The logic of Michael Bloomberg's potential presidential candidacy -- which he seemed to advance Tuesday by ostentatiously abandoning the Republican Party -- isn't obvious at first glance.
As a public figure, the New York mayor is boring and managerial rather than charismatic or inspirational. He possesses neither the manic entertainment value of a Ross Perot nor the paranoid messianism of a Ralph Nader. On a personal level, Bloomberg isn't presidential in the traditional sense. He's a divorced Jewish businessman, with a girlfriend who looks about 6 inches taller than he is.
There is almost nothing plausible about a Bloomberg bid -- except that he is able and might be willing to spend an obscene amount of money to buy the presidency. One friend of the mayor's says he believes that the media mogul would spend as much as $2 billion to win the White House. (If so, he would still have more than that to tide him over through retirement.)
For the moment, Bloomberg denies any such plan, vowing to serve out his tenure as mayor until 2009, when term limits prevent him from seeking a third term. But his aides and associates have been promoting the idea that he should run as an independent for president, which they would not be doing without some encouragement from him. In that respect, at least, he is a typically coy politician whose promises today may not mean much tomorrow.
If Bloomberg does run for president next year, he will have some explaining to do. Two billion dollars would buy a lot of television advertising, but no amount of money will stop voters from asking questions.
For instance, voters will want to know why he joined the Republican Party after a lifetime supporting Democrats. And they may not like the answer when they learn that he essentially bought the New York Republican mayoral nomination from the party's leaders and then narrowly won the election by spending an unprecedented $70 million. In a stunning act of overkill, he spent even more to win reelection against a hapless, hopelessly underfunded Democratic opponent two years ago.
Voters will also want to know whether he suddenly left the Republican Party only because its prospects are so dim. Only three years ago, he heartily endorsed the reelection of George W. Bush and Dick Cheney, even vowing to carry New York City for the ticket. Those were the days when he was still an enthusiastic Republican booster and generous party donor, and was praising the GOP as the party of "honesty, efficiency, compassion and inclusion." That sounds ridiculous now, of course, but was he cynically mouthing those banalities, or did he believe them? It is hard to say which would be worse.

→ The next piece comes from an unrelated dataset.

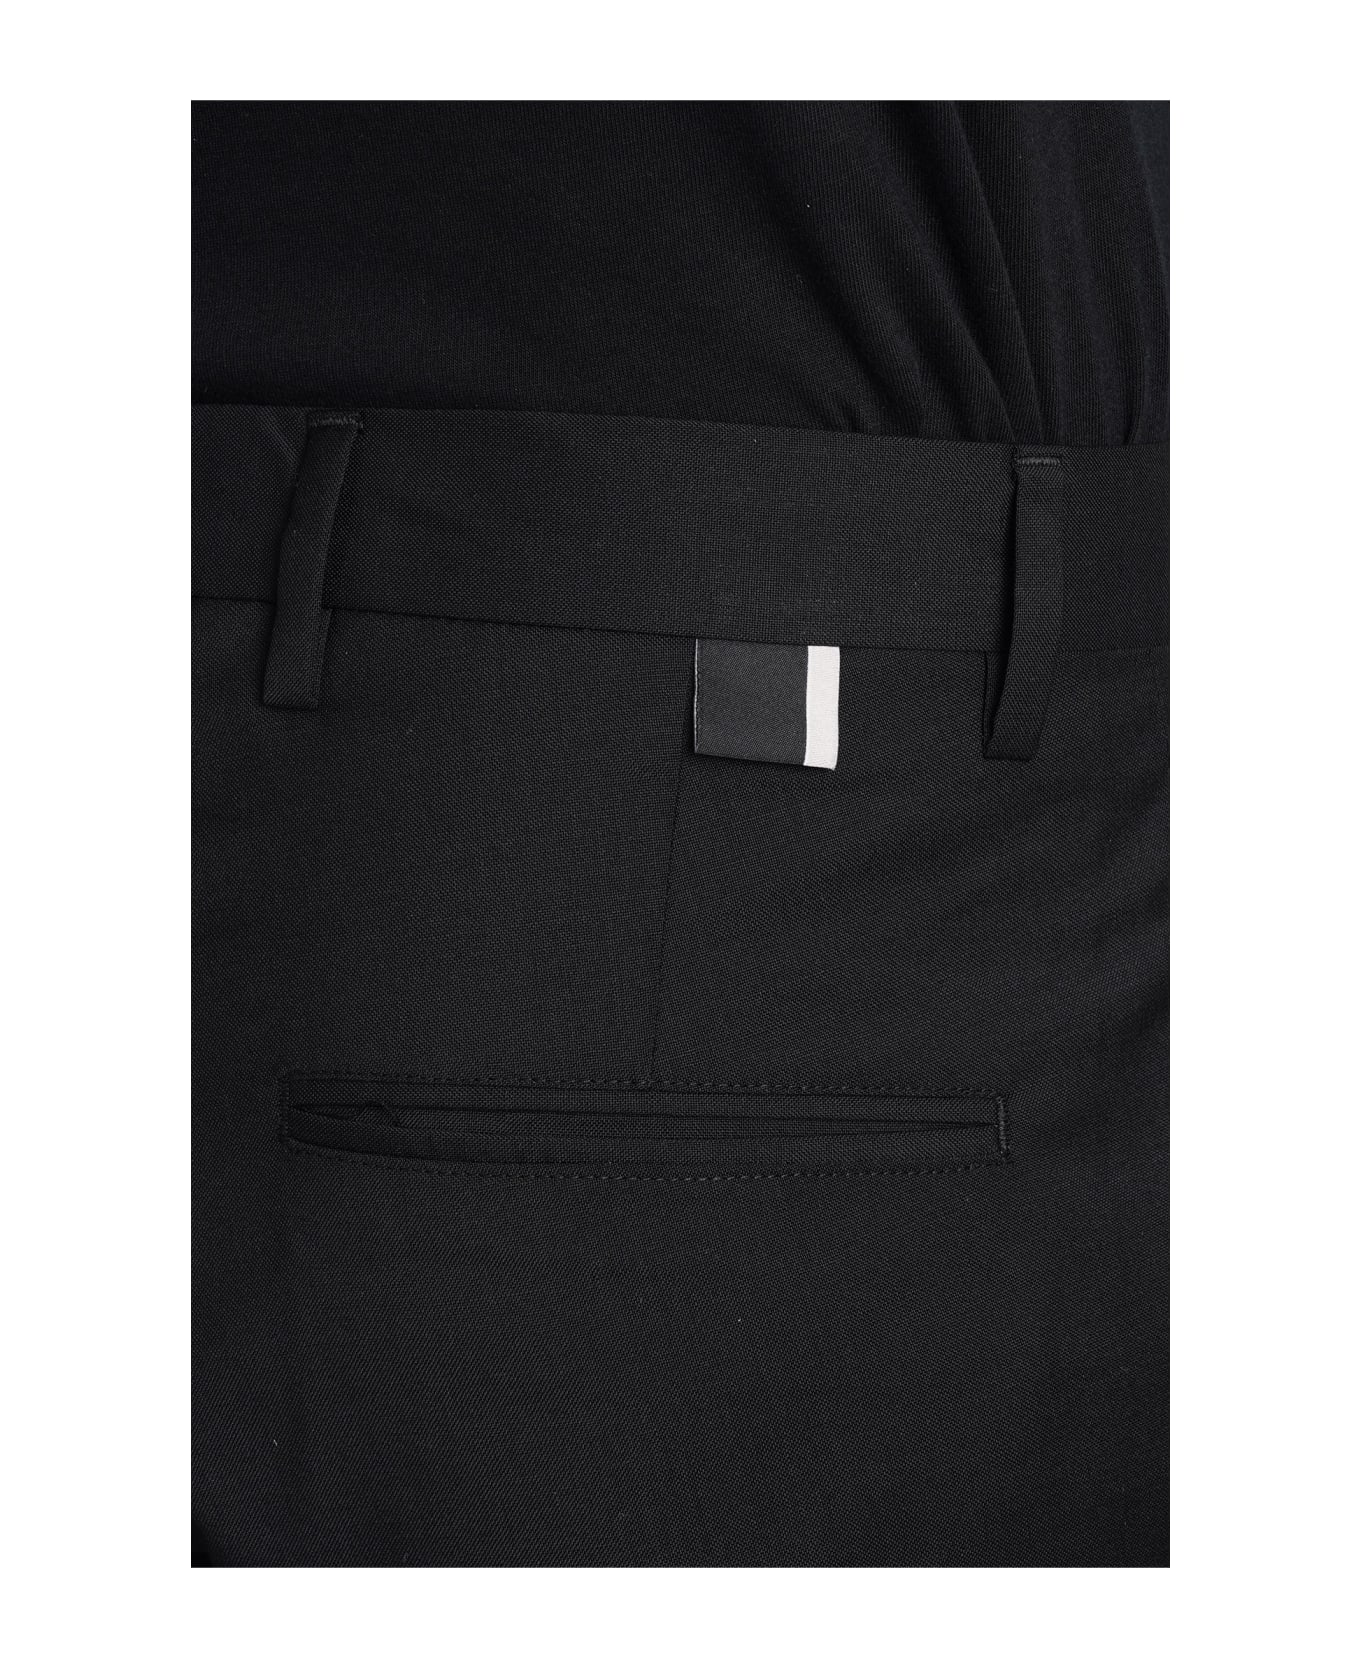 Low Brand Cooper T1.7 Tropical Pants In Black Wool - black

Voters might also wonder why Bloomberg left the Democratic Party in the first place, especially when his ideological outlook has always been difficult to distinguish from that of most Democrats on matters such as reproductive and gay rights, gun and tobacco controls, immigration, global warming, minimum wages, healthcare and a long list of other issues. Most New Yorkers are Democrats and few would disagree with Michael Long, the leader of the state's Conservative Party, who likes Bloomberg personally but says that he is indistinguishable from any "liberal Democrat." (No doubt Long was thinking about the hefty tax increase that Bloomberg imposed on the city's property owners in 2002, a bad memory that Republicans are sure to mention now that he has spurned them.)
Actually, there is an important difference between Bloomberg and most liberal Democrats. Dating back to his infatuation with Bush, the mayor has always been an enthusiastic supporter of the war in Iraq. He marched lockstep in the Bush drive toward invasion when he addressed the United Nations General Assembly in September 2002: "Freedom comes at a price, and tragically, sometimes that price is the commitment to defend freedom by arms. America has been, is, and always will be willing to do its duty -- to sacrifice even its own blood, so that people everywhere can live as individuals responsible for their own destinies." (As Wayne Barrett once pointed out in the Village Voice, the man spouting this brave talk got out of the Vietnam draft because his feet are flat.)

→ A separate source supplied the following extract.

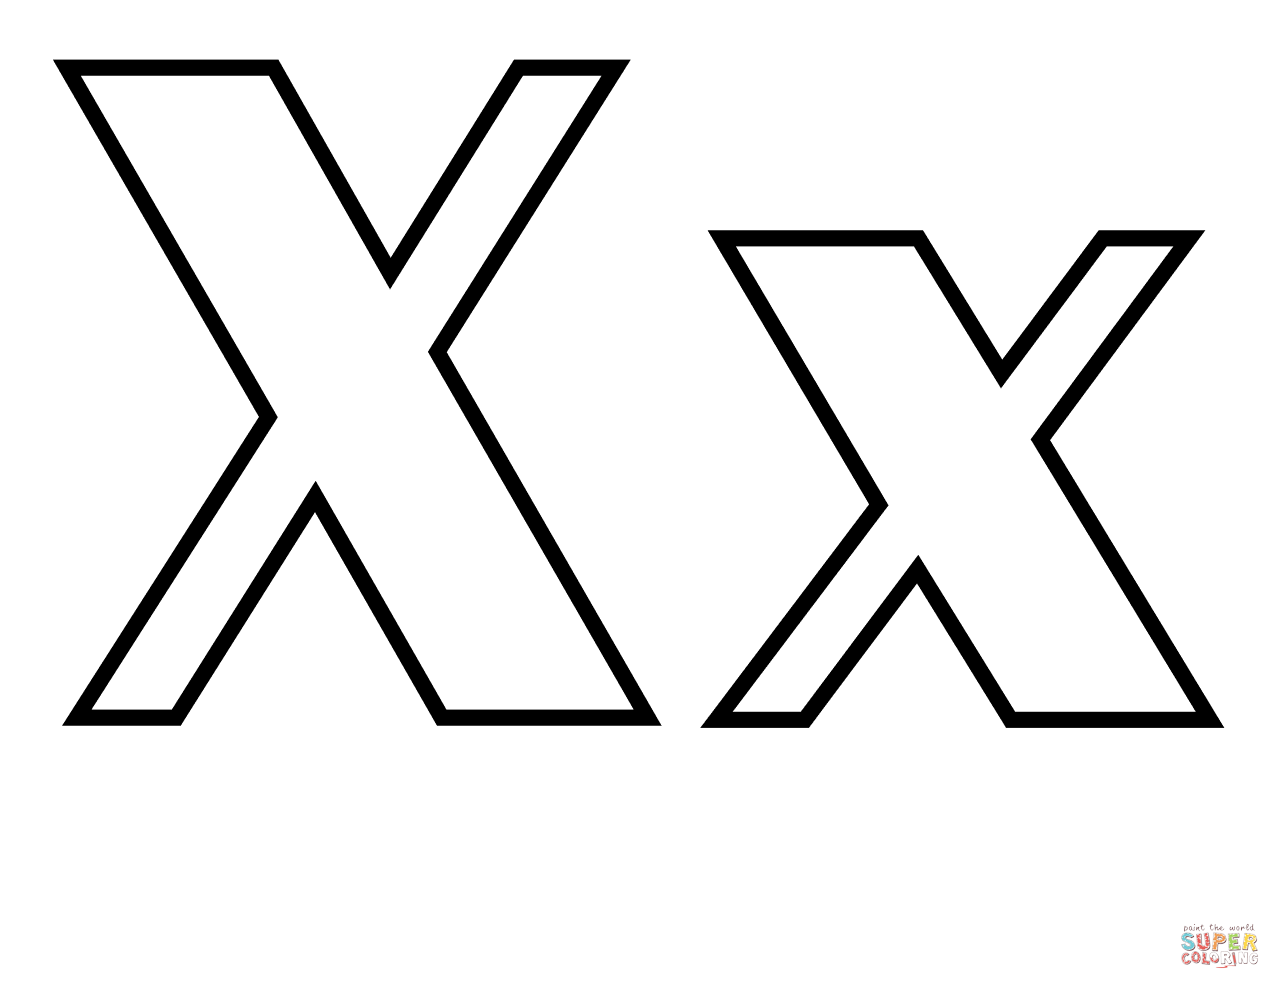 الحرف الكلاسيكي X من الحرف X

Bloomberg's pro-war rhetoric dutifully echoed the White House line connecting Saddam Hussein with al-Qaida and 9/11, almost as if Karl Rove had programmed his brain. "I'm voting for George W. Bush and it's mainly because I think we have to strike back at terrorists," he said in September 2004. "To argue that Saddam Hussein wasn't a terrorist is ridiculous. He used mustard gas, or some kind of gas, against his own people."
Should he ultimately decide to run for president, Bloomberg and his clever political advisors will have to find some way to backtrack from his unpopular statements about Iraq. But that would only return us to the fundamental question about this protean businessman and politician: Does he have any political convictions that transcend his own ambitions?